Friday, September 23, 2011

Breaking the Speed of Light

Forgive the slowness of this report :)

Breaking the Speed of Light "An international team of scientists at the Gran Sasso research facility outside of Rome announced today that they have clocked neutrinos traveling faster than the speed of light. The neutrinos, subatomic particles with very little mass, were contained within beams emitted from CERN 730 km (500 miles) away in Switzerland. Over a period of three years, 15,000 neutrino beams were fired from CERN at special detectors located deep underground at Gran Sasso. Where light would have made the trip in 2.4 thousandths of a second, the neutrinos made it in 60 nanoseconds – that’s 60 billionths of a second – a tiny difference to us but a huge difference to particle physicists! The implications of such a discovery are staggering, as it would effectively undermine Einstein’s theory of relativity and force a rewrite of the Standard Model of physics."

Other reports I've seen have mostly said that the neutrinos arrived 60ns faster than expected, not that they travelled the distance in 60ns. I tried to check the paper, but it's pretty far above my head. From the abstract: "This anomaly corresponds to a relative difference of the muon neutrino velocity with respect to the speed of light (v-c)/c = (2.48 ± 0.28 (stat.) ± 0.30 (sys.)) ×10-5."

As usual, the Economist has the best layman's description I've seen, There was a neutrino named Bright. Here's a quick calculation from a theoretical physicist that puts the results in some context.

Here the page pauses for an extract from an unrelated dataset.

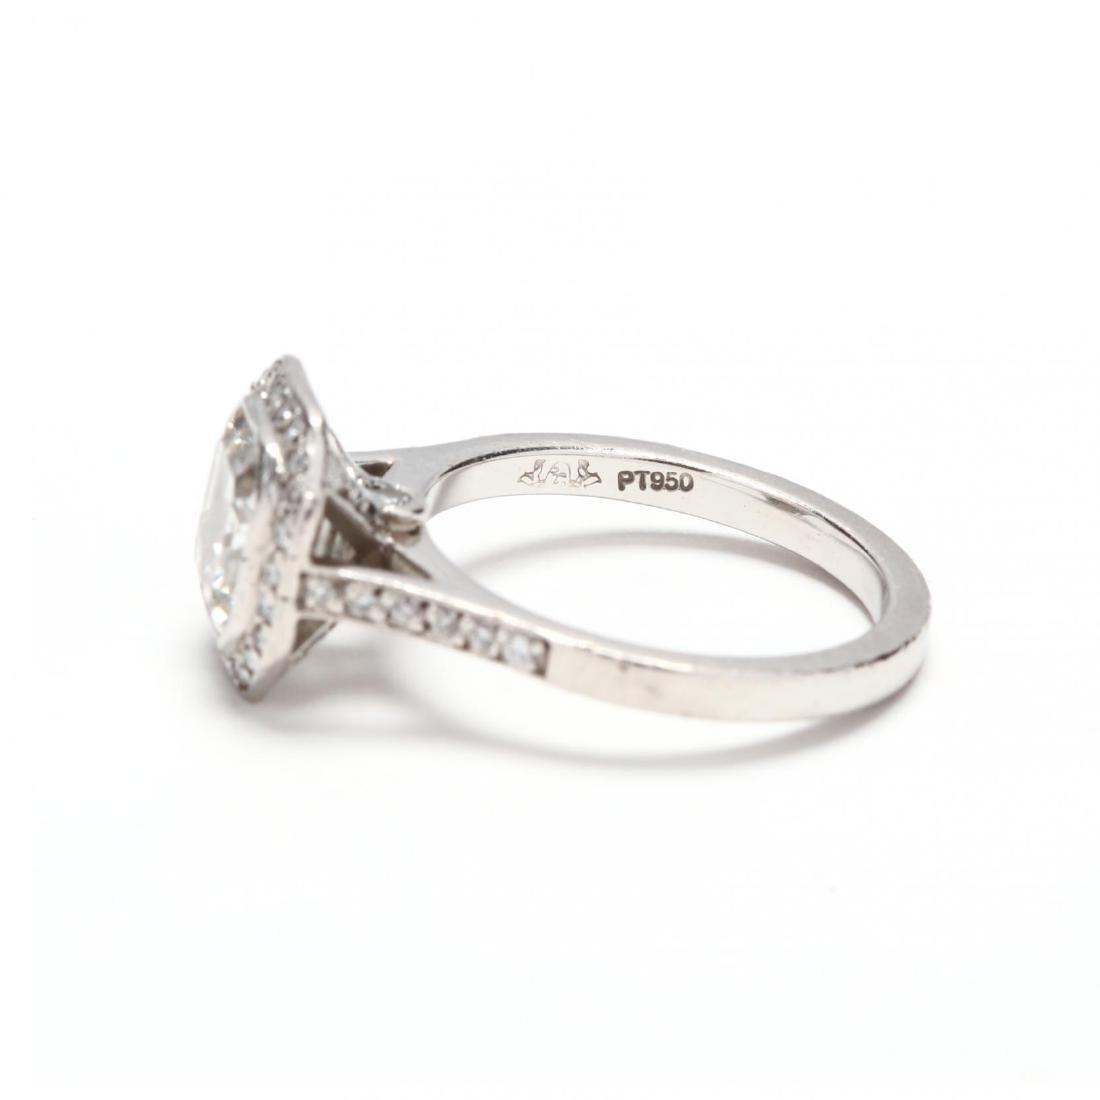 Platinum and Diamond Ring - 5

They've checked the results for a few years and haven't found a mistake, so now they're hoping someone else can find a flaw or reproduce the results. As the BBC reports: "My dream would be that another, independent experiment finds the same thing - then I would be relieved," Dr Ereditato said. But for now, he explained, "we are not claiming things, we want just to be helped by the community in understanding our crazy result - because it is crazy".

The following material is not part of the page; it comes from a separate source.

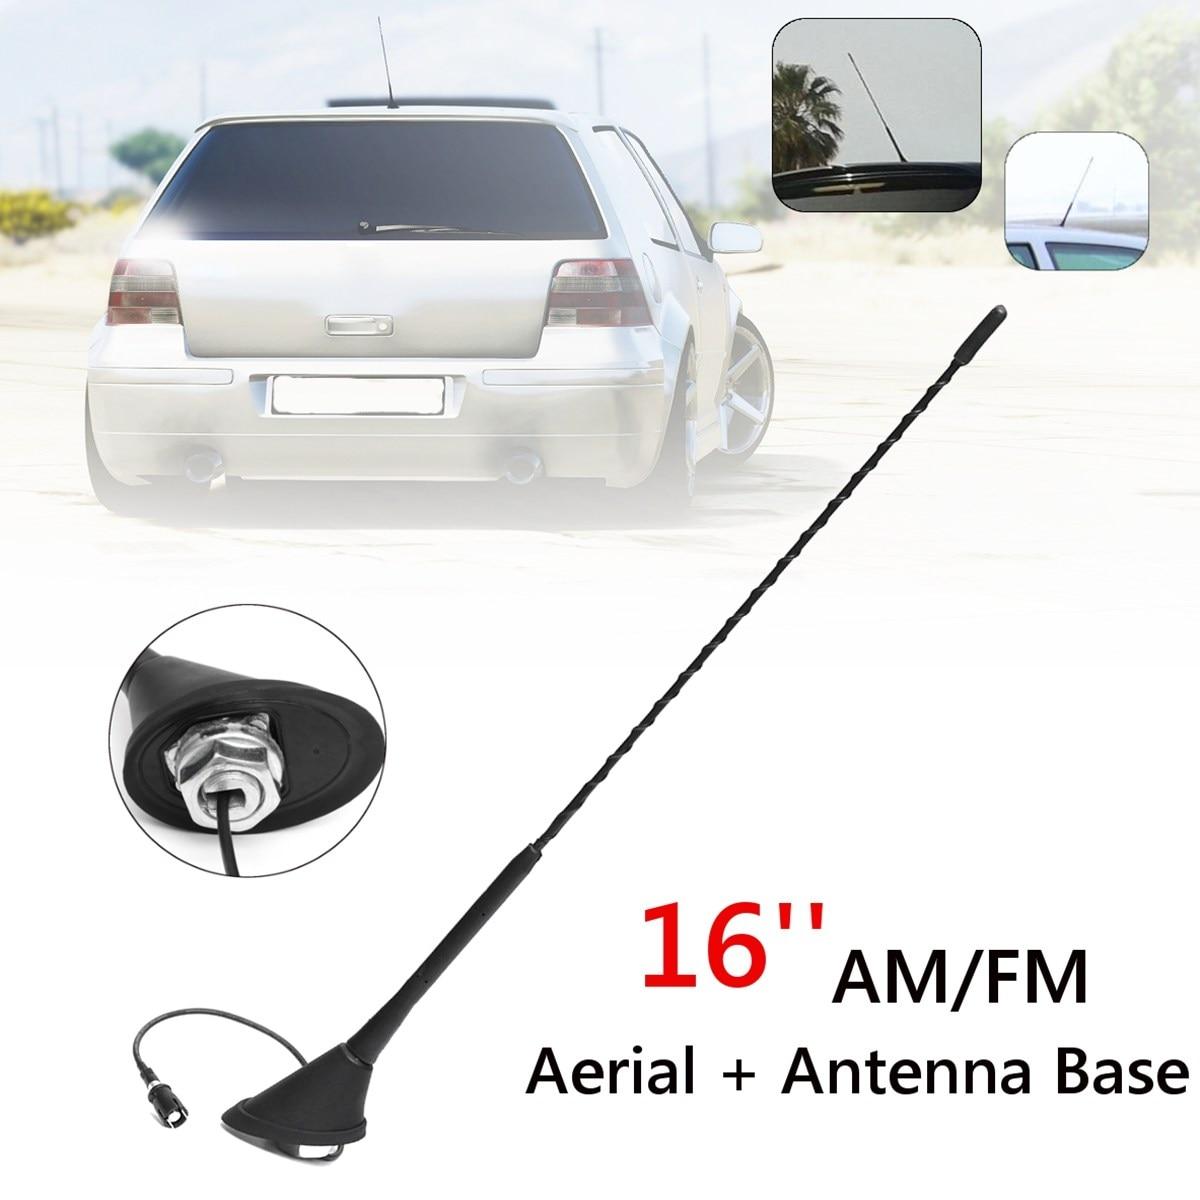 16 pouce Universal AM/FM Antenne Antenne Toit Mât Base Pour VW/Volkswagen/Skoda/Audi/ golf/Passat/Jetta/Bora MK4 1994 1995 1996

Here's the site of the experiment, OPERA.

1 comment:

Irina said...

Thanks for the great info! The Economist's article is the best. I tried to read the paper but it's long and hard.
It'll be very interesting to see what happens when other scientists will try to duplicate this experiment.
BTW, I understand how you can travel to the past if you move faster than light but it does not ever seem possible to travel into the future. Maybe I'm missing something.